Politics

Revenues crashing. Dems want open budget negotiations. Republicans say "nuts"

HARTFORD, Conn. (WTNH) -- Based on the latest numbers from the state tax department, the Malloy administration says it will start making even more immediate spending cuts.

The taxable income of Connecticut's wealthiest residents has gone down by nearly half, creating more red ink for state government as far as the eye can see. Now, the bickering has begun over the best way to negotiate out of the mess.

The Governor has agreed to meet with the top leaders from both political parties Tuesday in what is expected to be a series of budget summit meetings to try to find a solution to the worst budget crisis in over 25 years. Senator Martin Looney (D-New Haven) the leader of the Senate Democrats saying today,  "We propose that we hold all of our budget and implementer negotiations in the presence of the news media, and to be broadcast on CTN."  CTN is the legislature's gavel to gavel statewide cable TV channel.

Related Content: Democrats call for public budget talks as revenues suffer

Democrats in the State Senate know that the spending cuts that are coming this time will be wildly unpopular, and they want the blame spread around. "We are in the middle of a dire circumstance. We have real decisions to make and the real decisions have to be made together," said Sen. Cathy Osten (D-Sprague), who is co-chair of the Appropriations Committee.

The Republican leader in the Senate, Len Fasano of North Haven, who has equal status with Democratic leader Martin Looney of New Haven because of the 18-to-18 split, immediately called the open meeting idea just a political tactic that won't solve anything.

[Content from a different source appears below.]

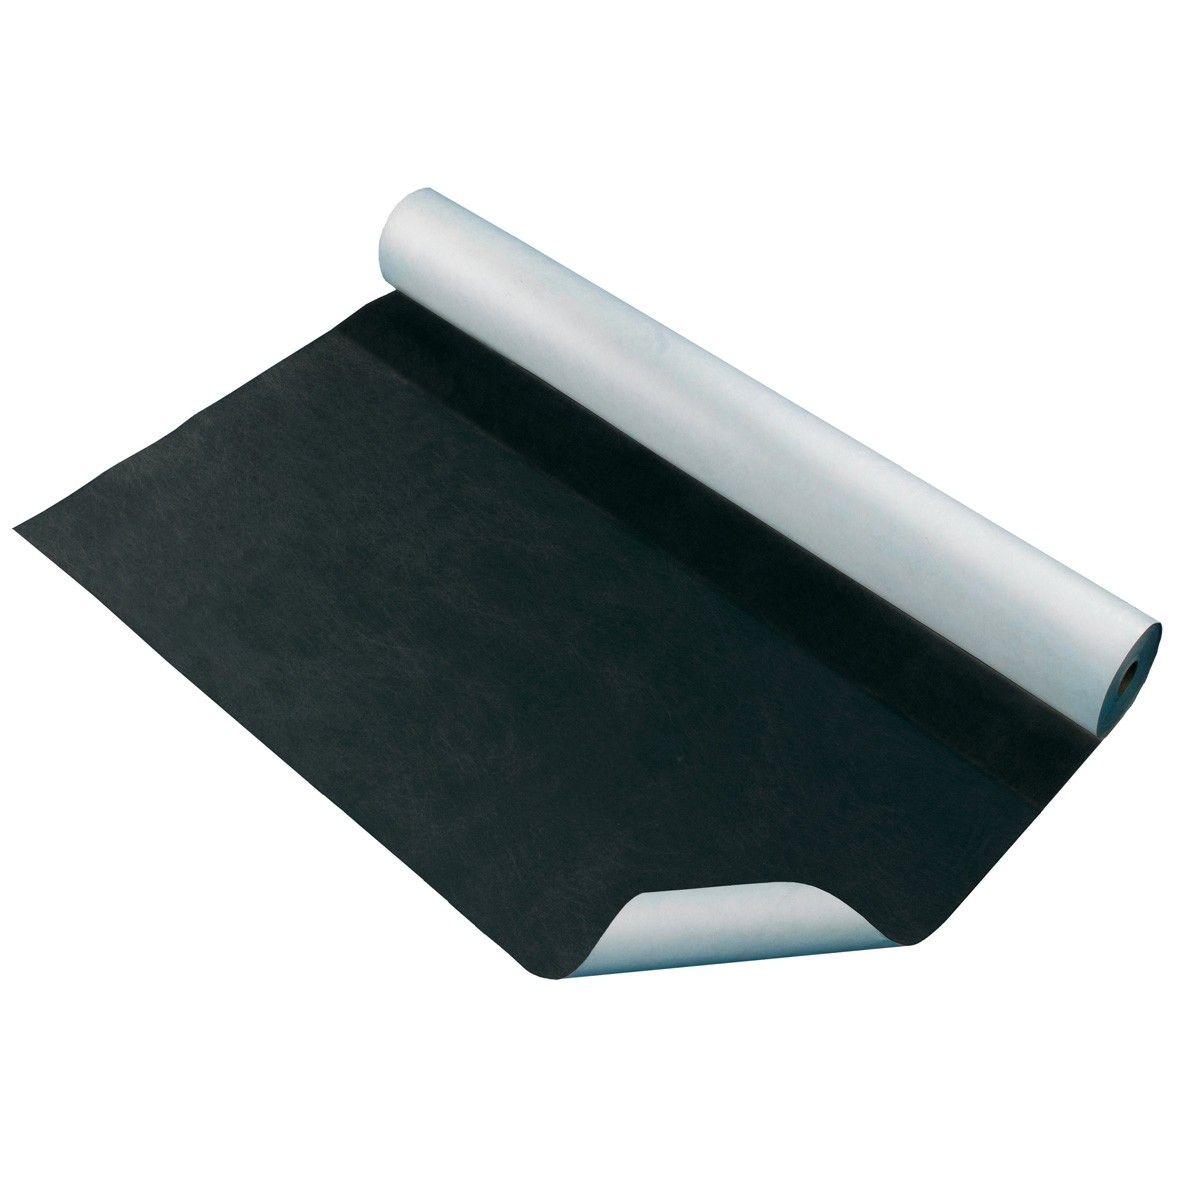 Tyvek Uv Facade Breathable Membrane For Cladding 50mtr X 1 5mtr Rainscreen Cladding Cladding Cladding Systems

You have negotiations. You don't invite the whole world into negotiations. It chills the affect of the conversation. Everybody knows that. That's why it's a game." Adding, "This is just nuts."

Meanwhile, they're still opening envelopes at the state tax department, and it appears the state's 100 wealthiest residents had an over forty-percent decline in taxable income last year; putting the current state budget, that ends in 60 days, $400 million in the red. Next year, the state may be well over $2 billion in the red.

The state tax commissioner, Kevin Sullivan of the Department of Revenue Services,  says no one should be surprised,  "It's been developing for months now if you follow the numbers. The numbers have been very clear that revenue's been tracking rapidly downward."

Related Content: Income tax revenue collapses; Malloy says taxing the rich doesn't work

You may be asking yourself how can the state's most wealthy residents be paying so much less when the stock market is sky high?  Remember before it was high, it was low; and the wealthy can legally avoid paying some taxes by measuring their losses against their gains.  Republicans also say many of the state's wealthiest residents have left the state for Florida.